Here, the power efficiency η is defined by the following equation.
(Formula 11)
η = beam output / high frequency input = Pb / Prf
Therefore, when Equation 11 is applied to the result of the [0025] paragraph, the power efficiency is 43.1%. In addition, since the power efficiency at the time of the conventional CW excitation is 13.2%, this invention becomes a power efficiency of about 3 times. However, in this case, the output current of the charged particle beam is five times the reciprocal of the duty ratio of 0.2, that is, I ′ = 5 · I.
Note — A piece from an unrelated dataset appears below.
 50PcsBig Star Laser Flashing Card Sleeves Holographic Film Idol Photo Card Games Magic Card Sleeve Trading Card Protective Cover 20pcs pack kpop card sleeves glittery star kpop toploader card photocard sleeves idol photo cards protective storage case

  As described above, the high-frequency charged particle accelerator of the present invention can be controlled such that the beam power is increased as necessary, or the power efficiency is increased. In addition, it is not necessary to use a vacuum tube whose anode loss at peak output is within the maximum rating of the vacuum tube, and it is only necessary to use a vacuum tube whose average anode loss is within the maximum rating, so there is no need to use a large and expensive vacuum tube. It can be manufactured at low cost.
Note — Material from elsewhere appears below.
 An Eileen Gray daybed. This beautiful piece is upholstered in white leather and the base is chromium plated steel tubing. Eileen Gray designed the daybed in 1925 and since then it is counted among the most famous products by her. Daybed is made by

  The high-frequency charged particle accelerator of the present invention is not limited to the illustrated examples described above, and it is needless to say that various modifications can be made without departing from the scope of the present invention.
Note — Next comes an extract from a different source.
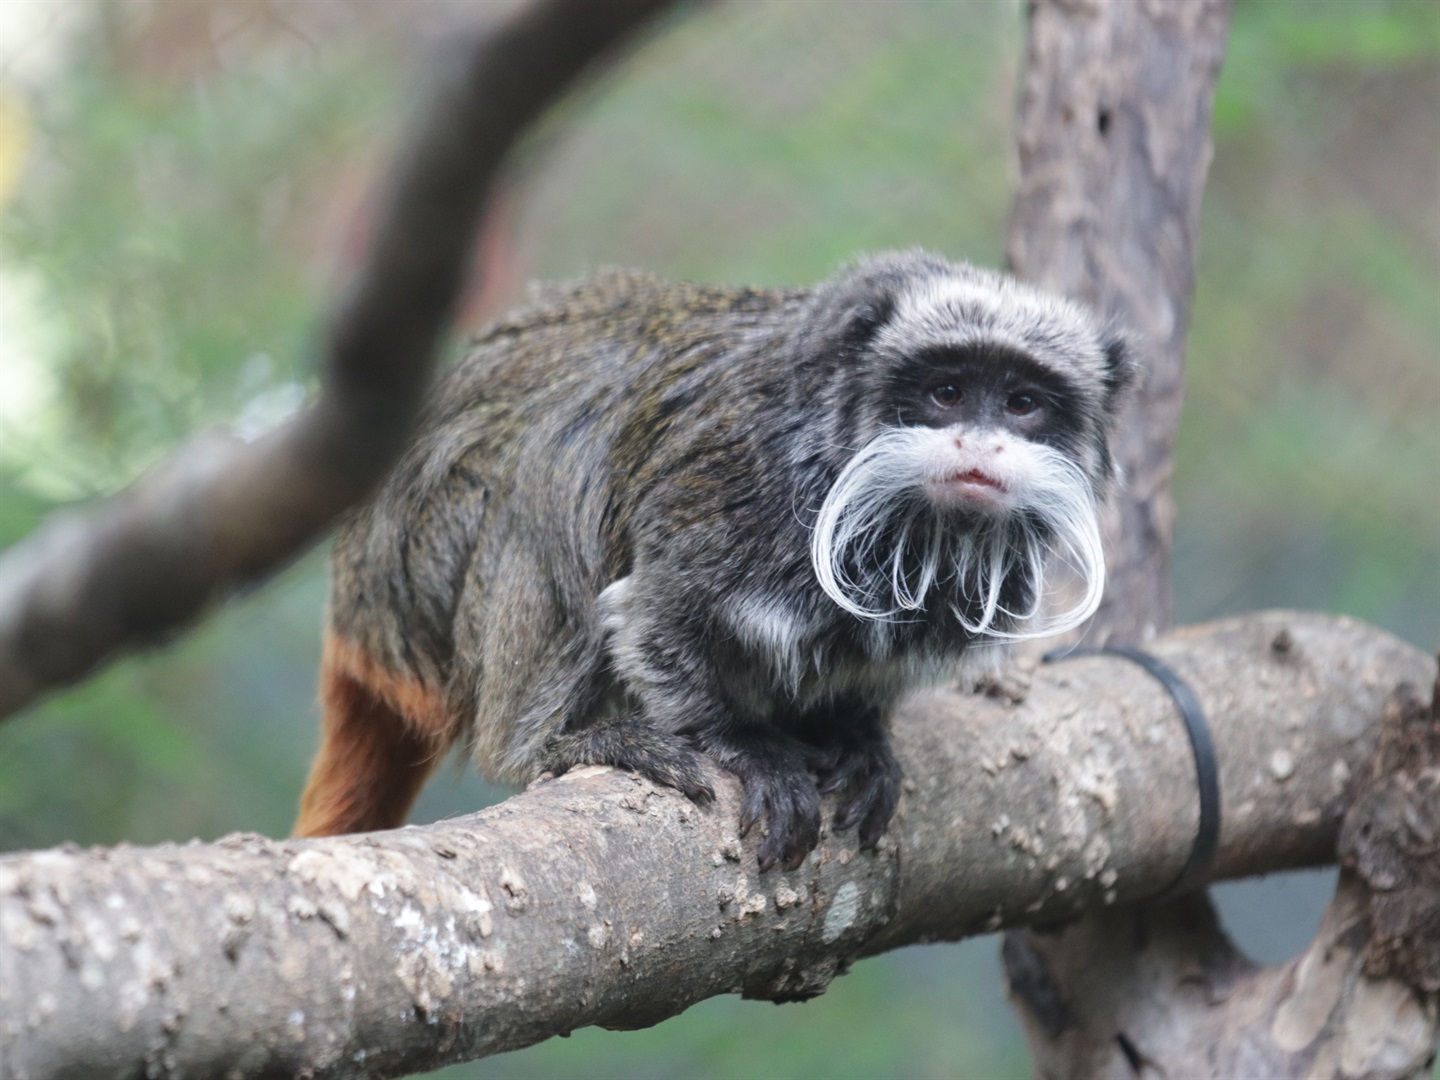 Businessinsider.co.za | Mystery at the Dallas Zoo: 2 monkeys are missing, following a leopard escape and a dead vulture

DESCRIPTION OF SYMBOLS 10 Acceleration cavity 11 Outer conductor 12 Acceleration electrode 13 Acceleration gap 14 Beam path 15 Beam hole 16 Deflection part 20 Charged particle source 30 High frequency source 31 High frequency amplifier 32 Signal generator 33 Anode DC power supply 40 Pulse control part

Claims (4)

A high-frequency charged particle accelerator for accelerating charged particles, the high-frequency charged particle accelerator comprising:
An accelerating cavity that accelerates charged particles,
A charged particle source for injecting a charged particle beam into the accelerating cavity, wherein the output current of the charged particle beam is variable; and
A high-frequency source using a vacuum tube for supplying high-frequency power to the acceleration cavity in a pulsed manner so that the acceleration cavity is pulse-excited, wherein the anode loss at the peak output of the vacuum tube exceeds the maximum rating of the vacuum tube and the average anode A high-frequency source that can be pulsed so that the loss is within the maximum rating of the vacuum tube;
A pulse control unit for controlling the charged particle source and the high frequency source so as to turn on and off the output current of the charged particle beam of the charged particle source in accordance with the timing of the pulse output of the high frequency source;
A high-frequency charged particle accelerator comprising:   2. The high frequency charged particle accelerator according to claim 1, wherein the high frequency source is capable of pulse driving so that a peak output is equal to or greater than a product of an average output and a reciprocal of a duty ratio. Accelerator.   3. The high frequency charged particle accelerator according to claim 1, wherein the acceleration cavity is a linear acceleration cavity having a linear beam path. The high-frequency charged particle accelerator according to claim 1 or 2, wherein the acceleration cavity is a meandering type acceleration cavity that meanders a beam path,
Furthermore, in order to accelerate while causing the charged particles to meander, the deflecting unit is arranged outside the acceleration cavity and deflected so that the direction of the accelerated charged particle beam meanders.
A high-frequency charged particle accelerator characterized by that.